El término gastritis engloba a un conjunto de condiciones que tienen un punto en común: la inflamación aguda o crónica de las mucosas que recubren las paredes del estómago. La gastritis es un evento clínico muy habitual que puede tener diversas causas, desde el consumo de alcohol hasta la infección por el microorganismo Helicobacter pylori, pasando por anemia perniciosa, reflujo biliar, estrés extremo y mucho más.

Los síntomas más comunes de la gastritis son la inapetencia, las náuseas, los vómitos y el dolor en la parte superior del abdomen. Aunque en algunos casos esta condición se vincule a enfermedades que requieran un tratamiento inmediato, en muchos casos se pueden tomar medidas para evitar la acidez estomacal y otros síntomas derivados. En las siguientes líneas, te mostramos 10 consejos para prevenir la gastritis.
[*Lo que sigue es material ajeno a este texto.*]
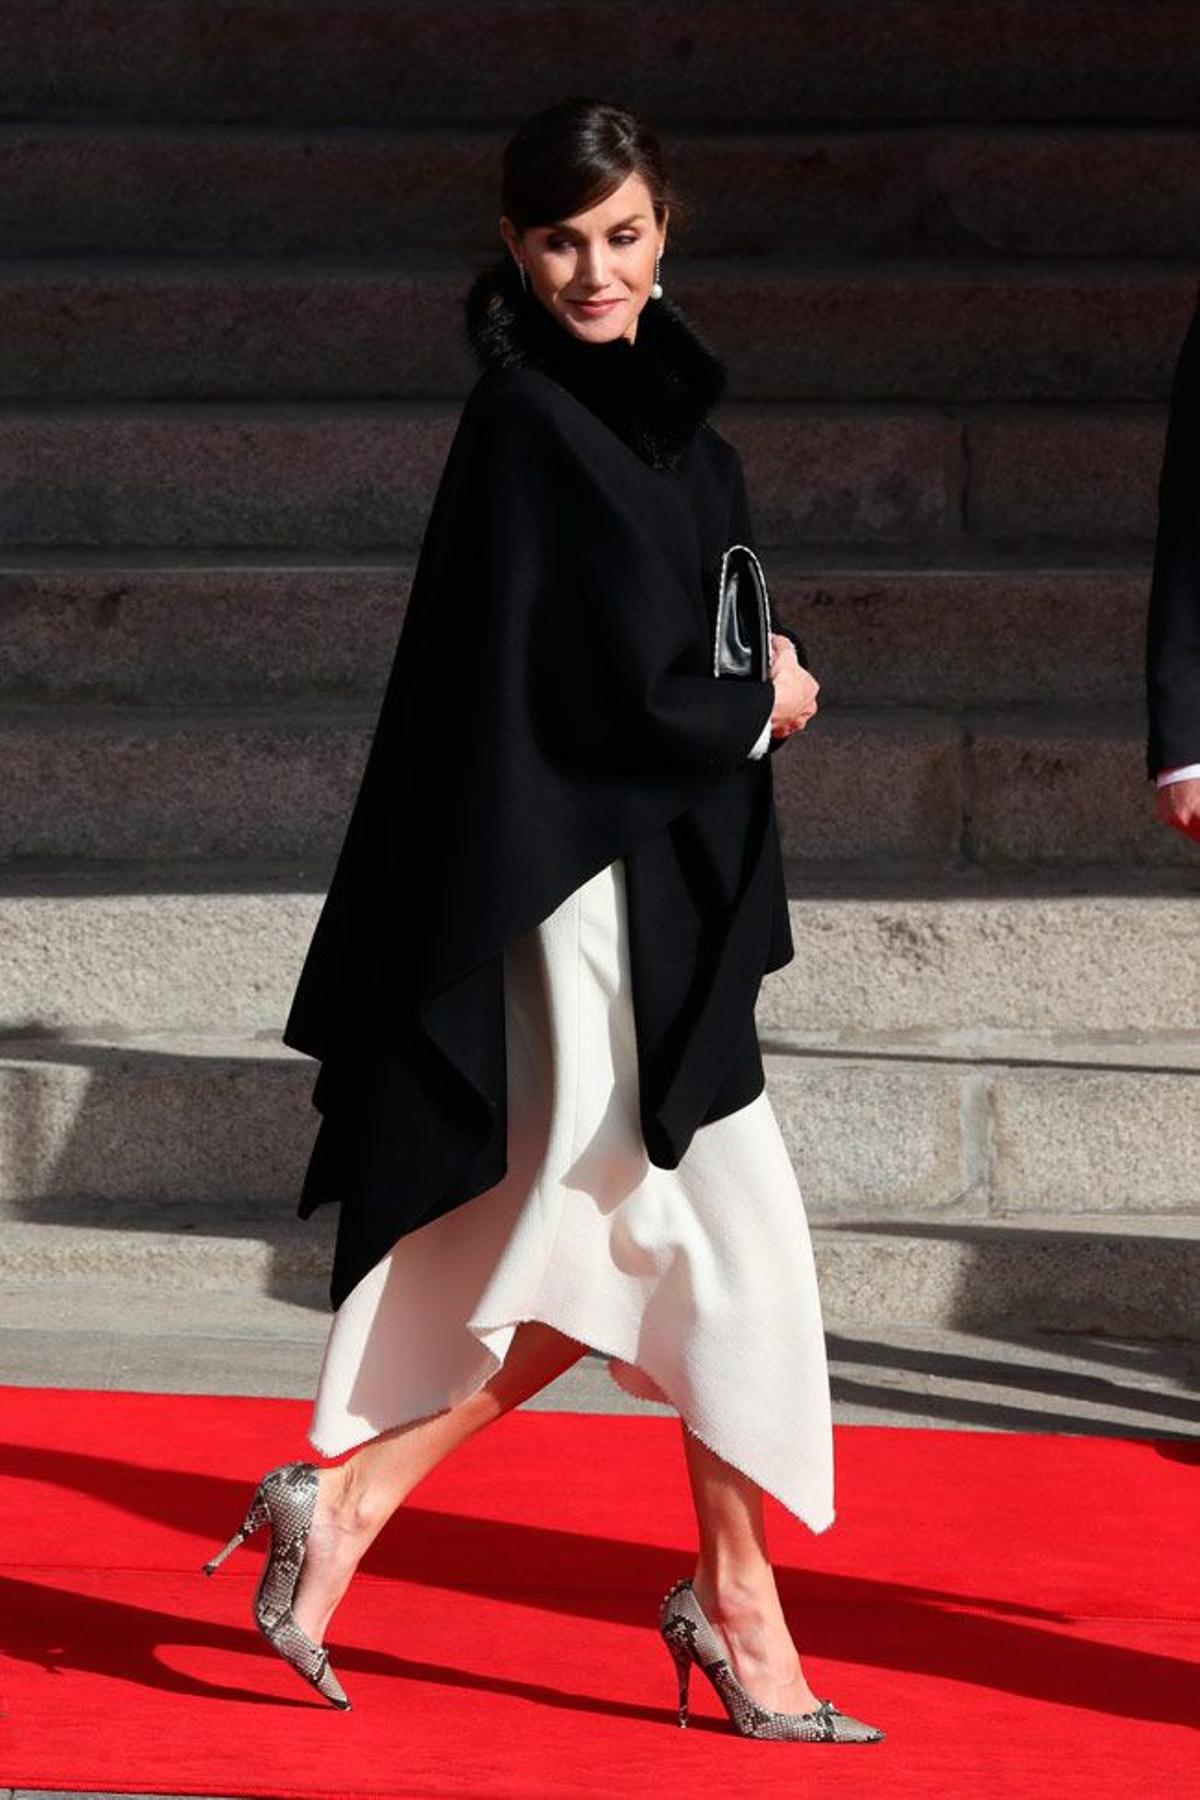 La reina Letizia con vestido blanco, capa negra y accesorios 'animal print' en la apertura de la XIV Legislatura
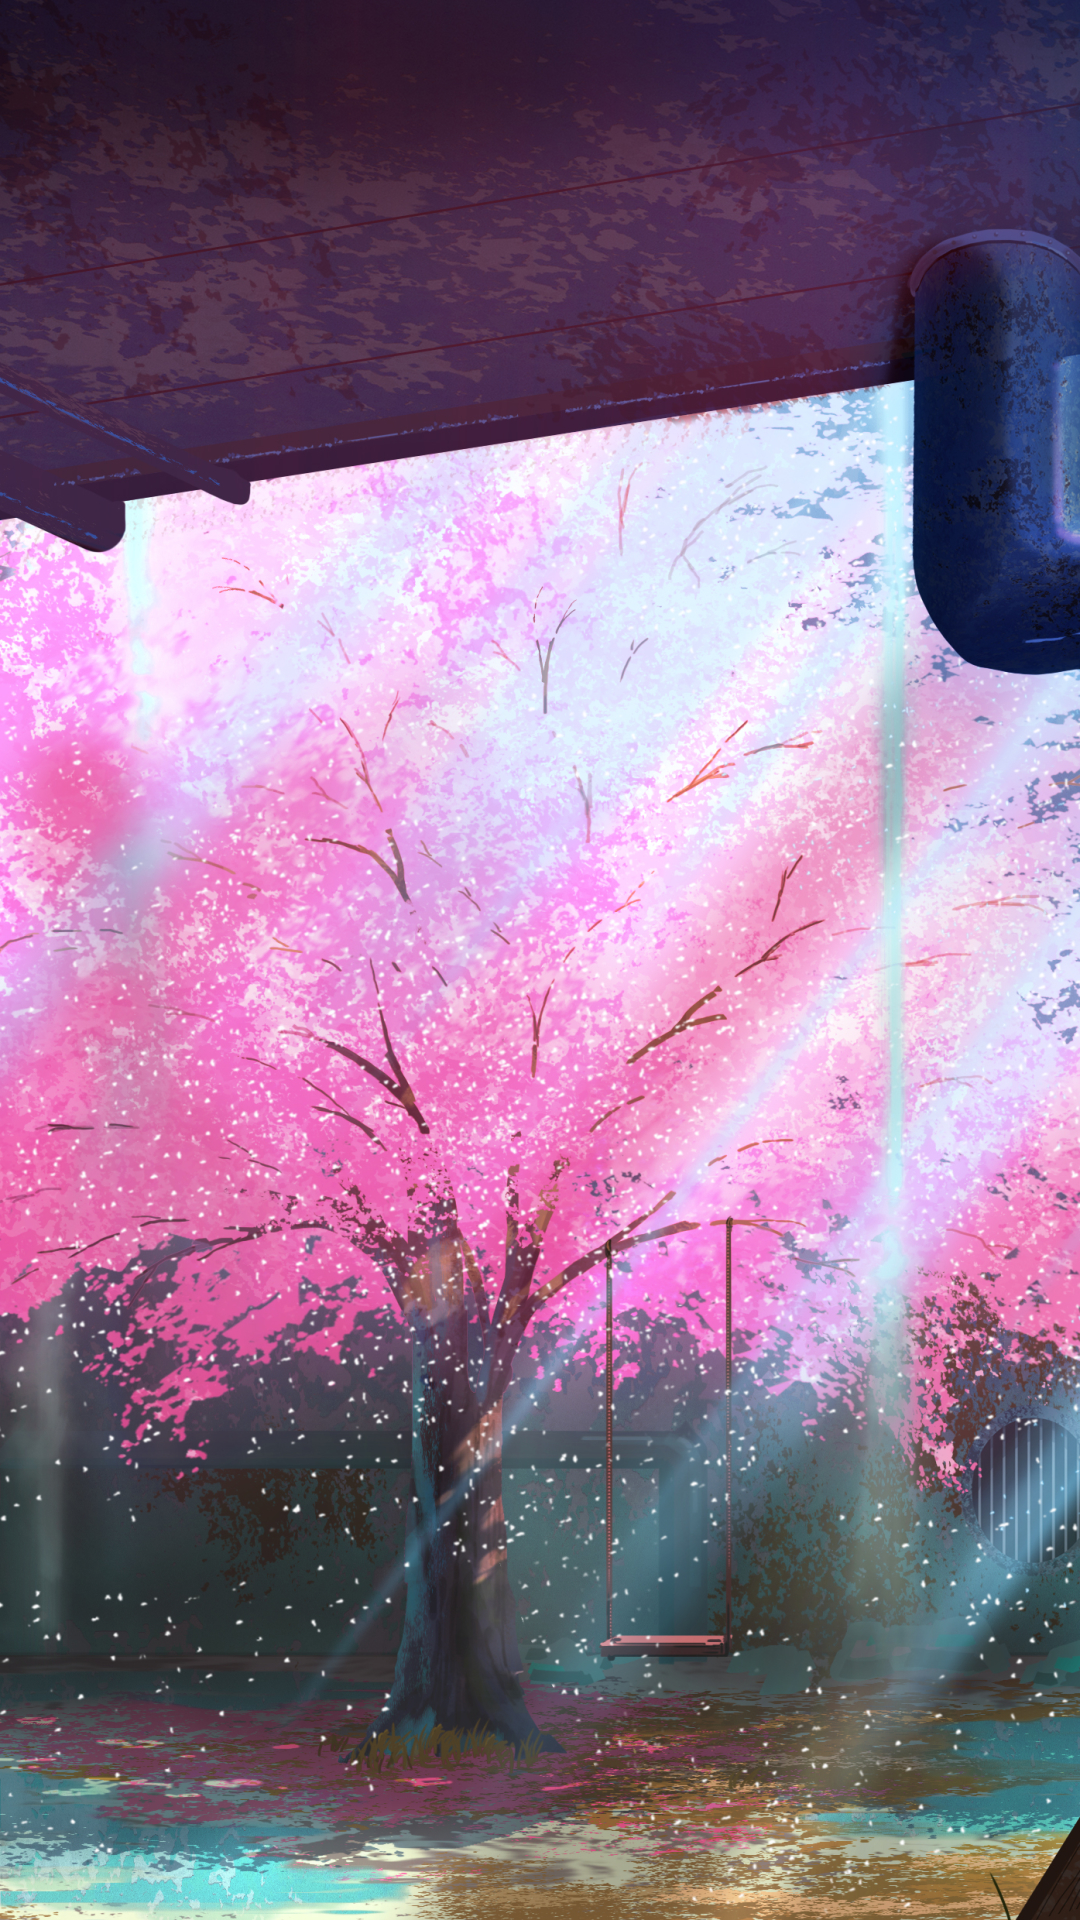 Wallpaper ID 1788945  anime musical instrument landscape 1080P sakura  tree Andy Jaramillo free download

1. Reducir el consumo de alcohol

El consumo de alcohol y los trastornos digestivos están íntimamente relacionados. Si se padece de alcoholismo y se bebe en exceso, esta sustancia puede irritar y erosionar la capa mucosa que protege al estómago. Por ejemplo, las bebidas alcohólicas con bajo contenido de alcohol (como el vino o la cerveza) aumentan de manera considerable la secreción de ácido gástrico y la liberación de gastrina, la hormona que induce la secreción de ácido. Además, las personas alcohólicas también tienden a tener otros hábitos insanos que se asocian al daño estomacal (comer poco, fumar, consumir otras drogas y más).

Según el Instituto Nacional para el Abuso del Alcohol y el Alcoholismo, se considera que el consumo seguro de alcohol es de 7 bebidas a la semana en mujeres y 14 en hombres. Aunque no se supere este umbral, diversas condiciones pueden hacer que el estómago responda peor al consumo de alcohol. Ante cualquier duda o síntoma atípico, consulta con tu médico.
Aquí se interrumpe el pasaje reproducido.